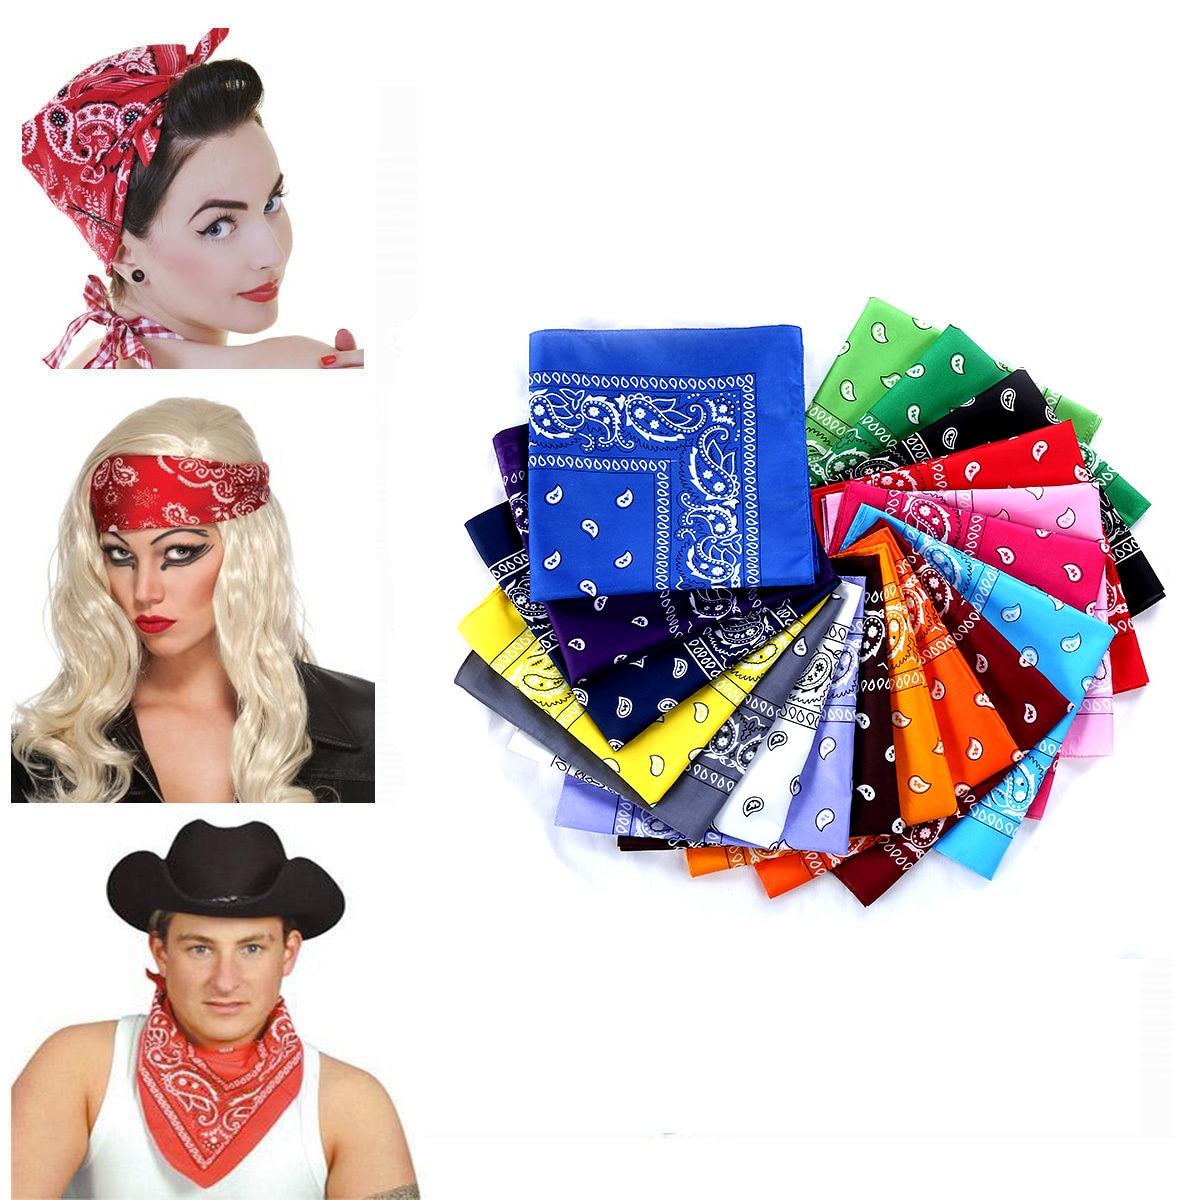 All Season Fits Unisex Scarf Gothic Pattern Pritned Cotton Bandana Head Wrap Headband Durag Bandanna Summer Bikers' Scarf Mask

# # # #

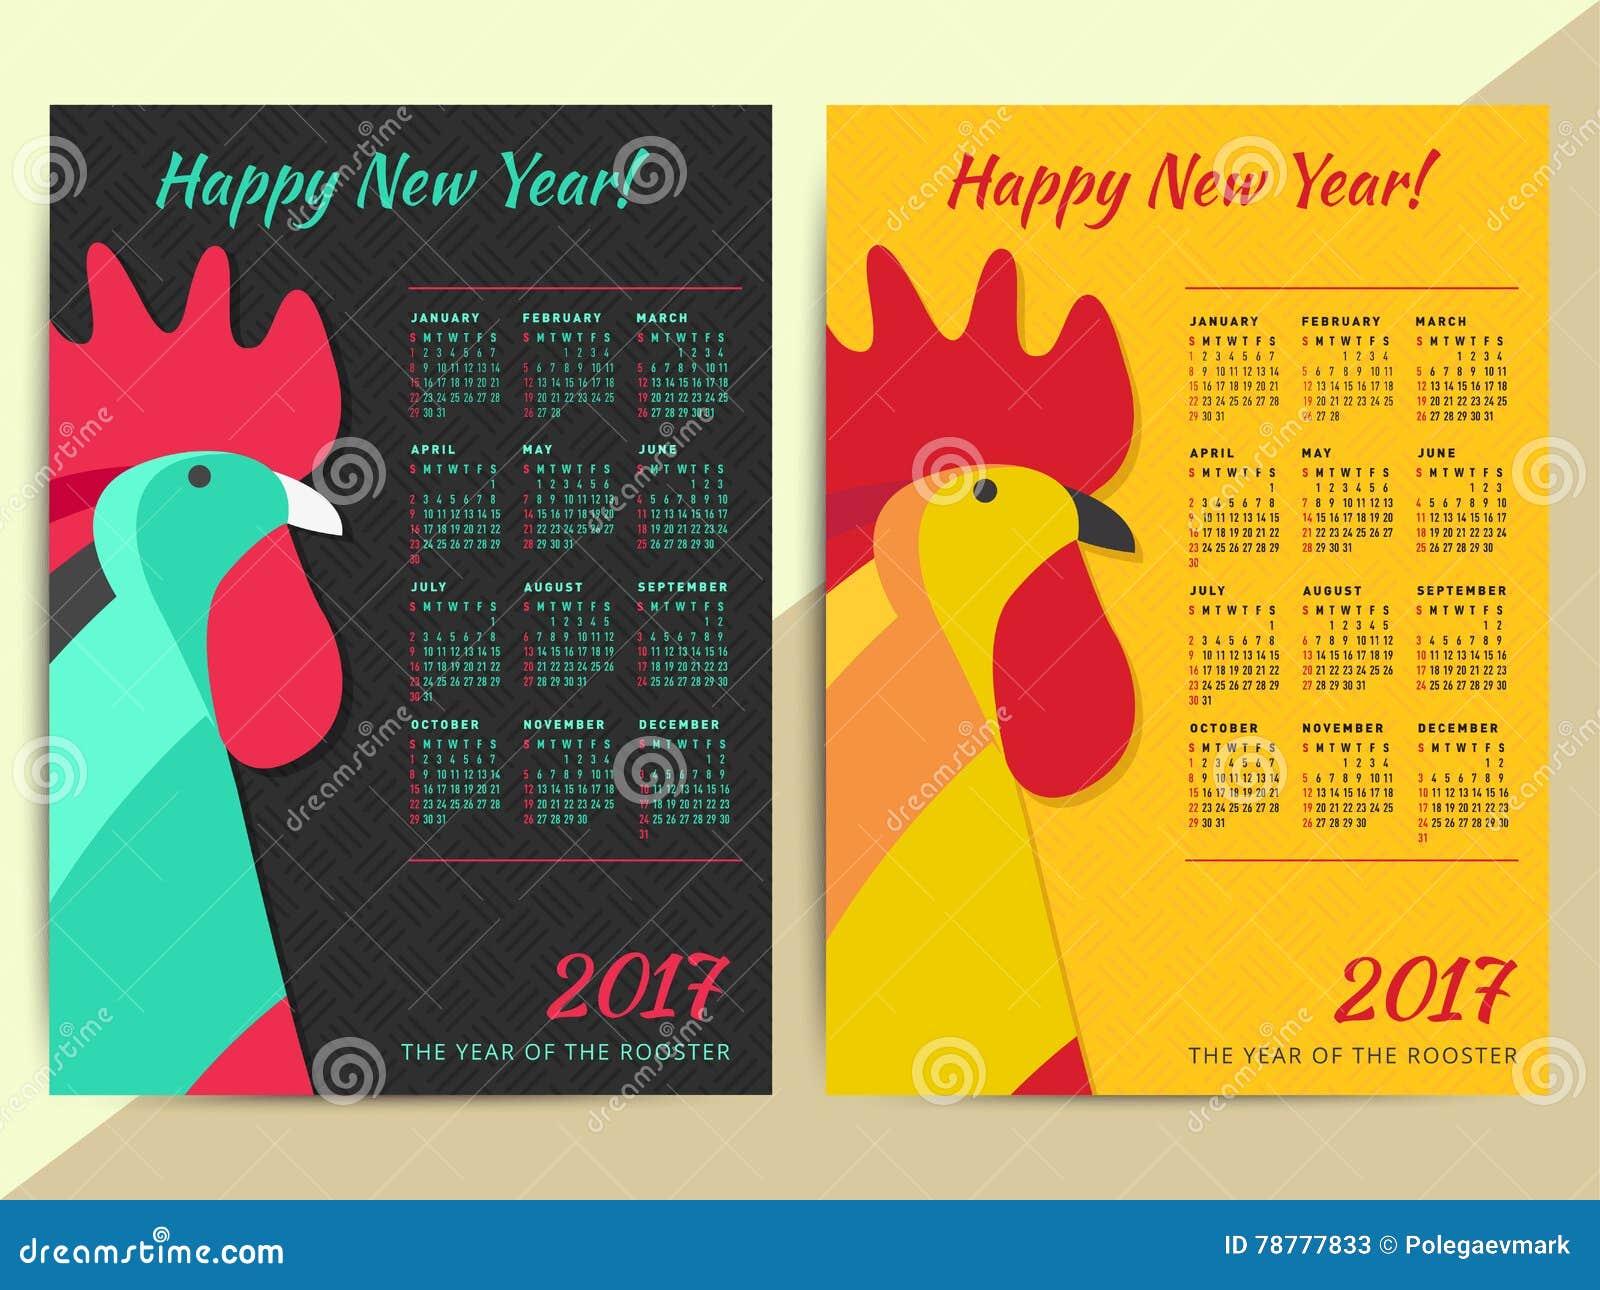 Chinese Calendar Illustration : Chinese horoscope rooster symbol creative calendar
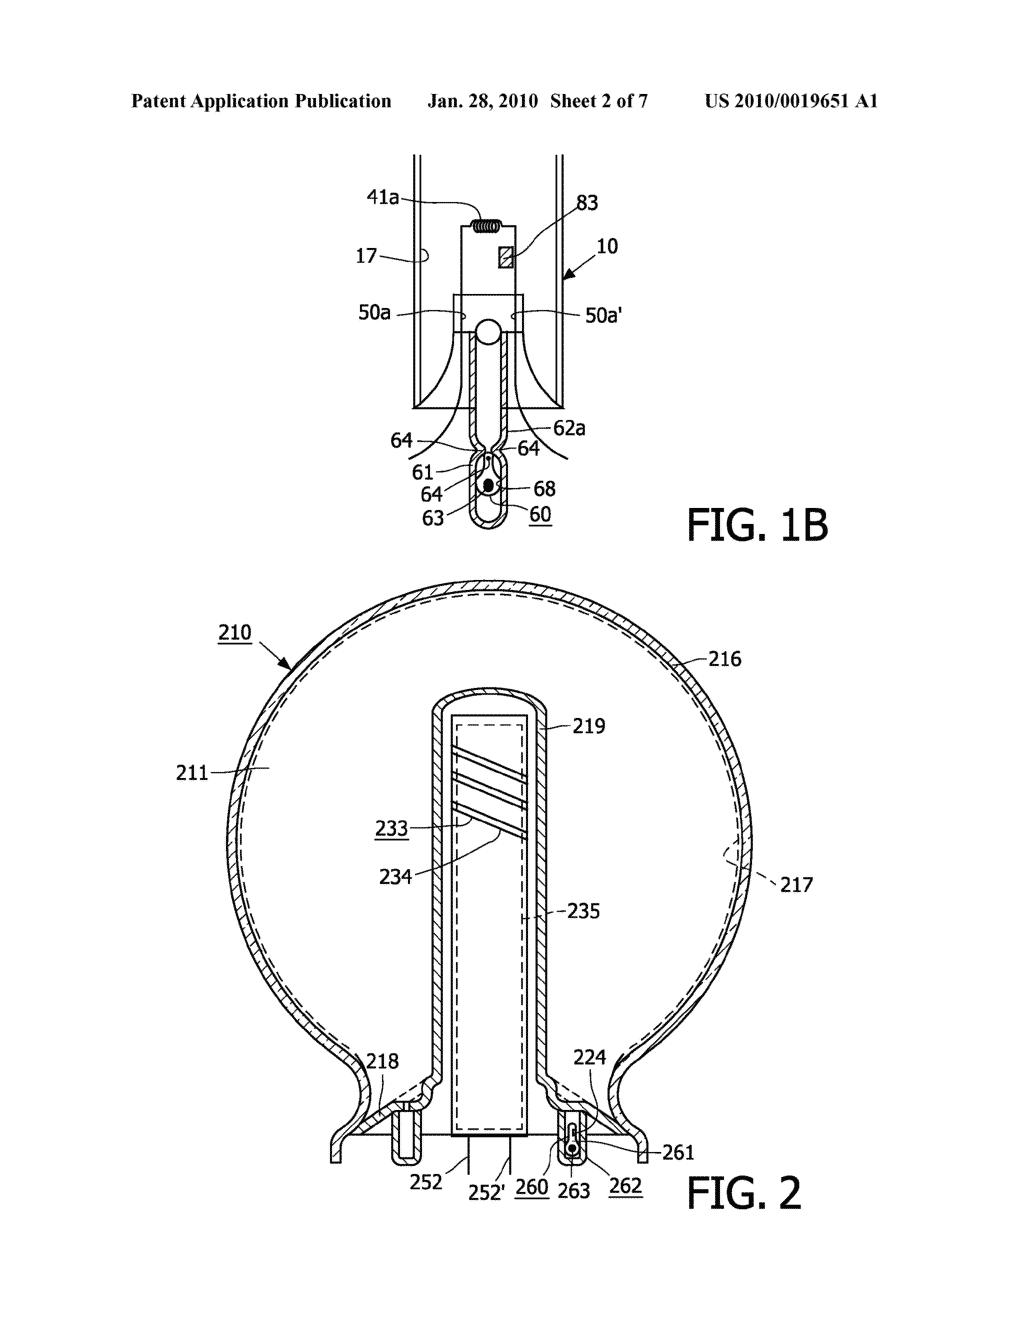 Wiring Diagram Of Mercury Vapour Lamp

# # # #

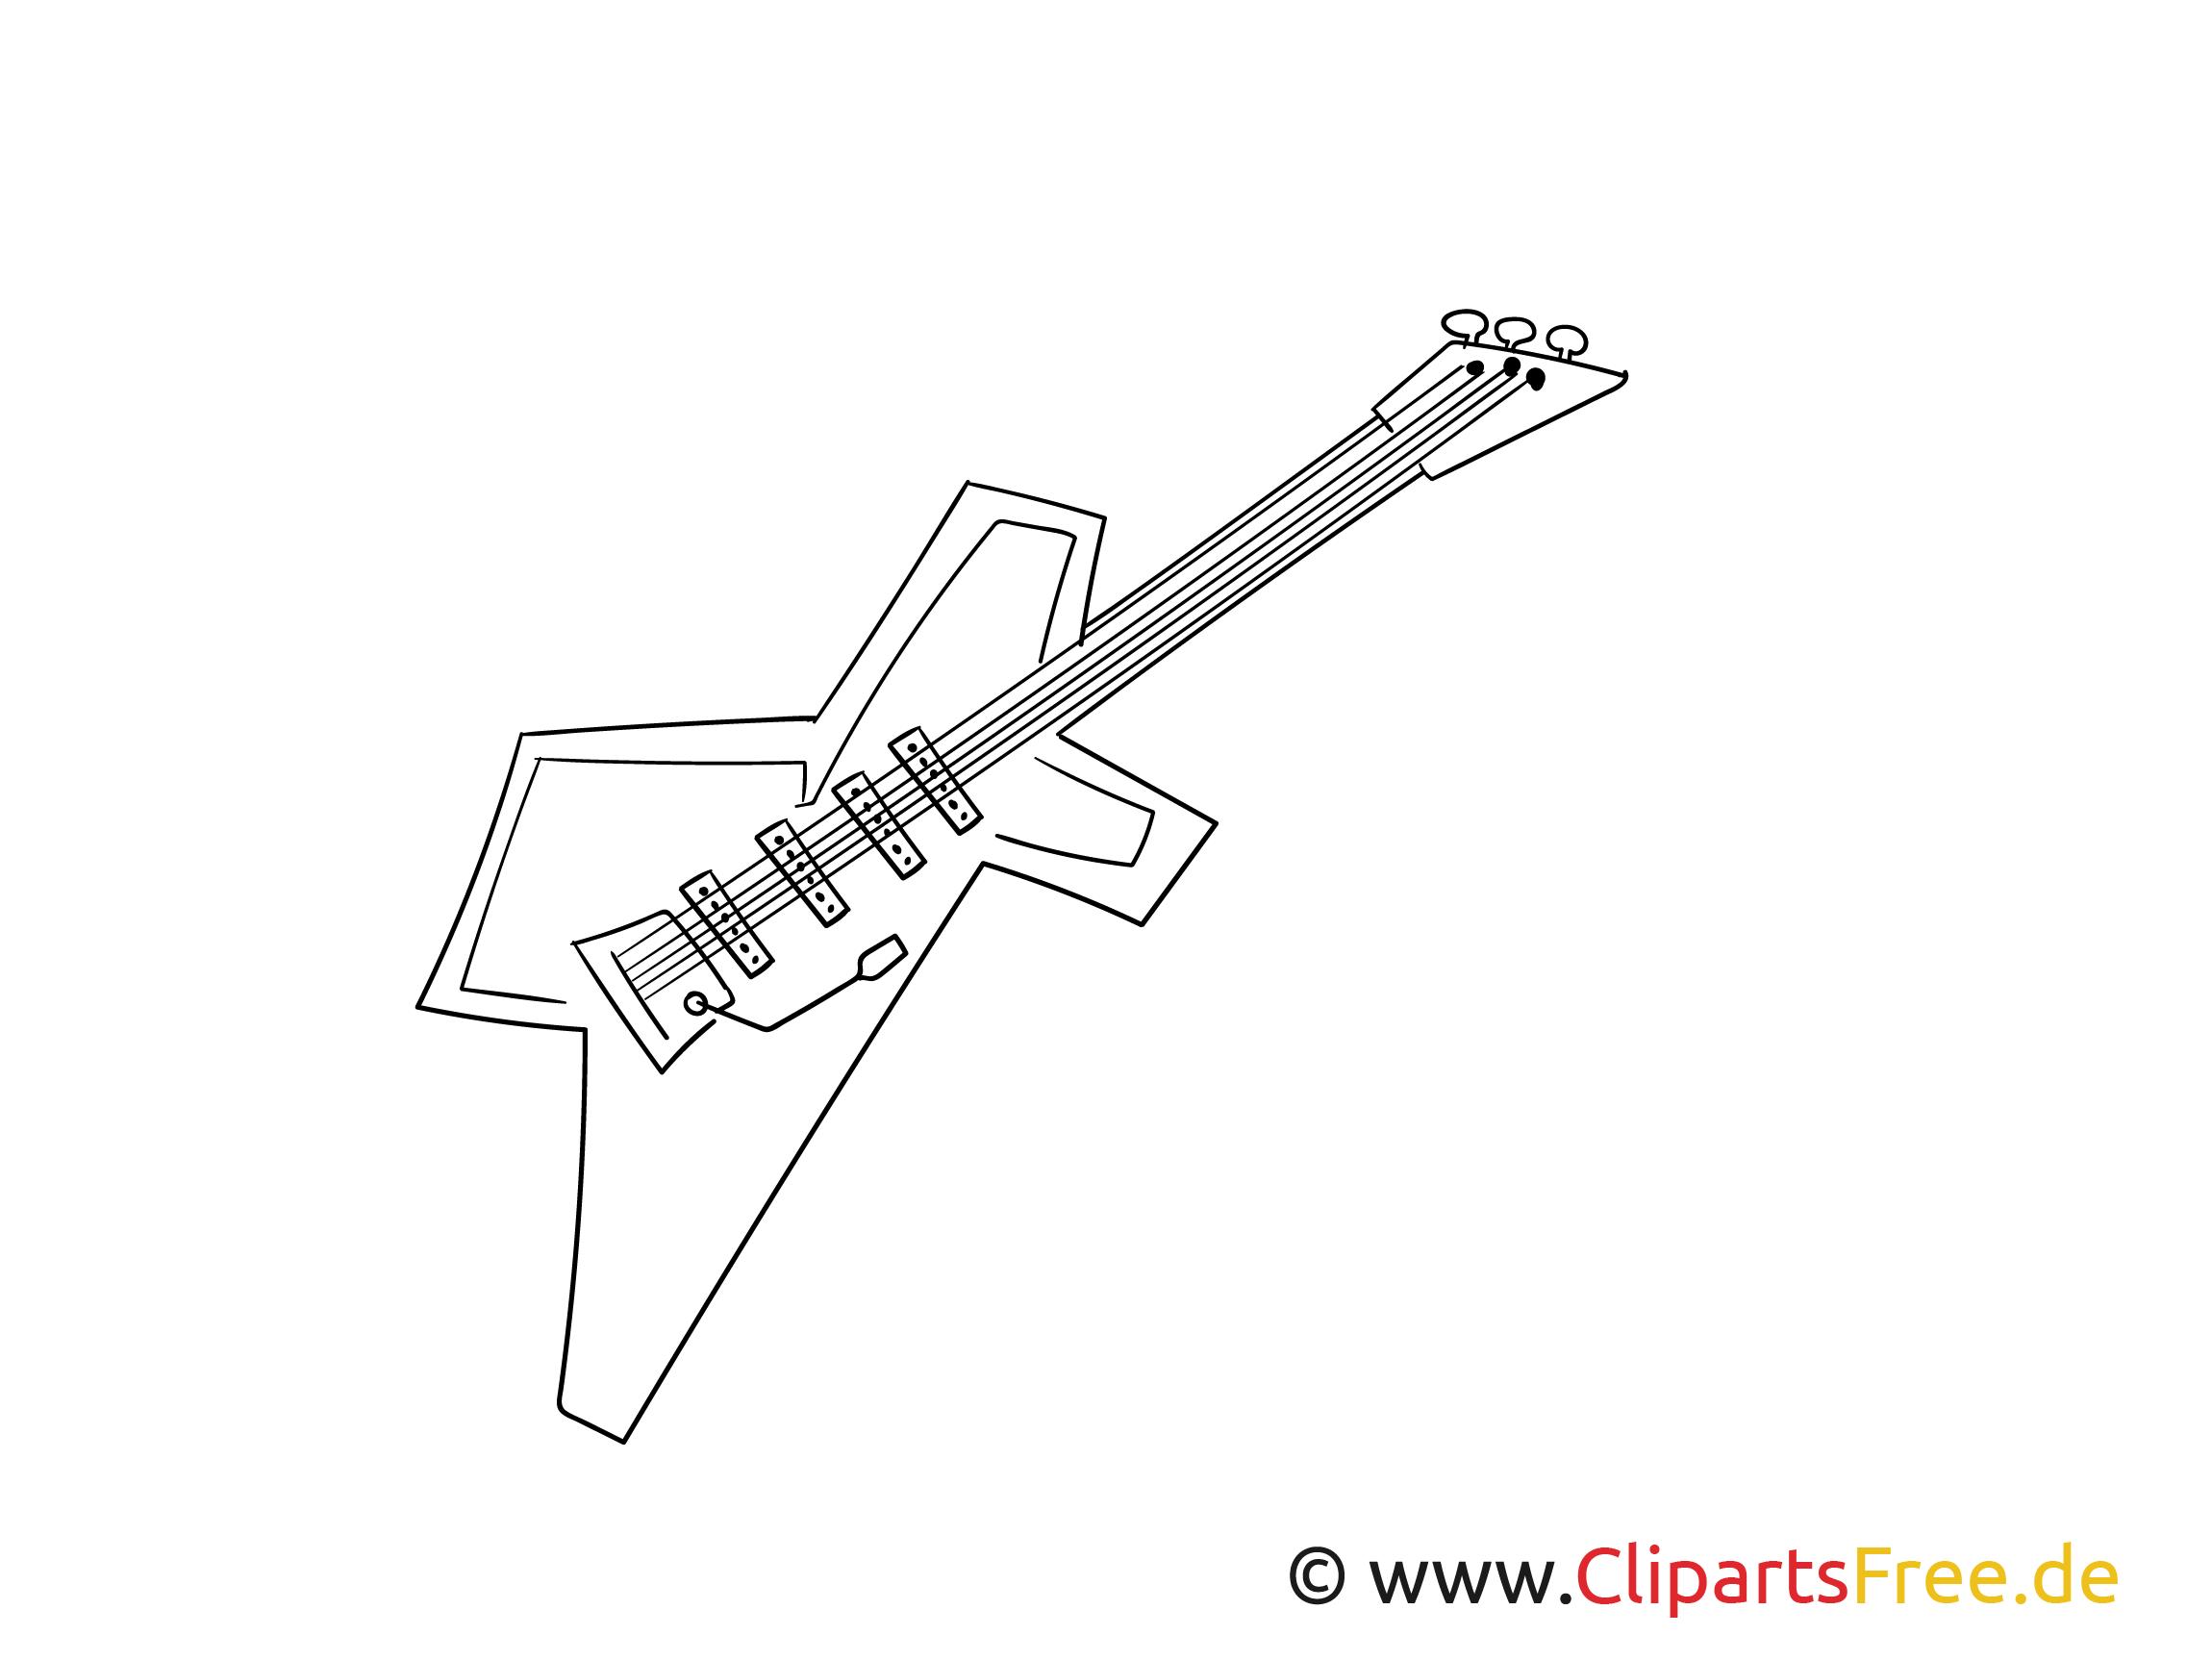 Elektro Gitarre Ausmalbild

# # # #

What to work on: Return only the stretch above from the line containing "Chinese Calendar Illustration" through the line containing "Wiring Diagram Of Mercury Vapour Lamp", word for word and without pictures.

Result of this task:
 Chinese Calendar Illustration : Chinese horoscope rooster symbol creative calendar
 Wiring Diagram Of Mercury Vapour Lamp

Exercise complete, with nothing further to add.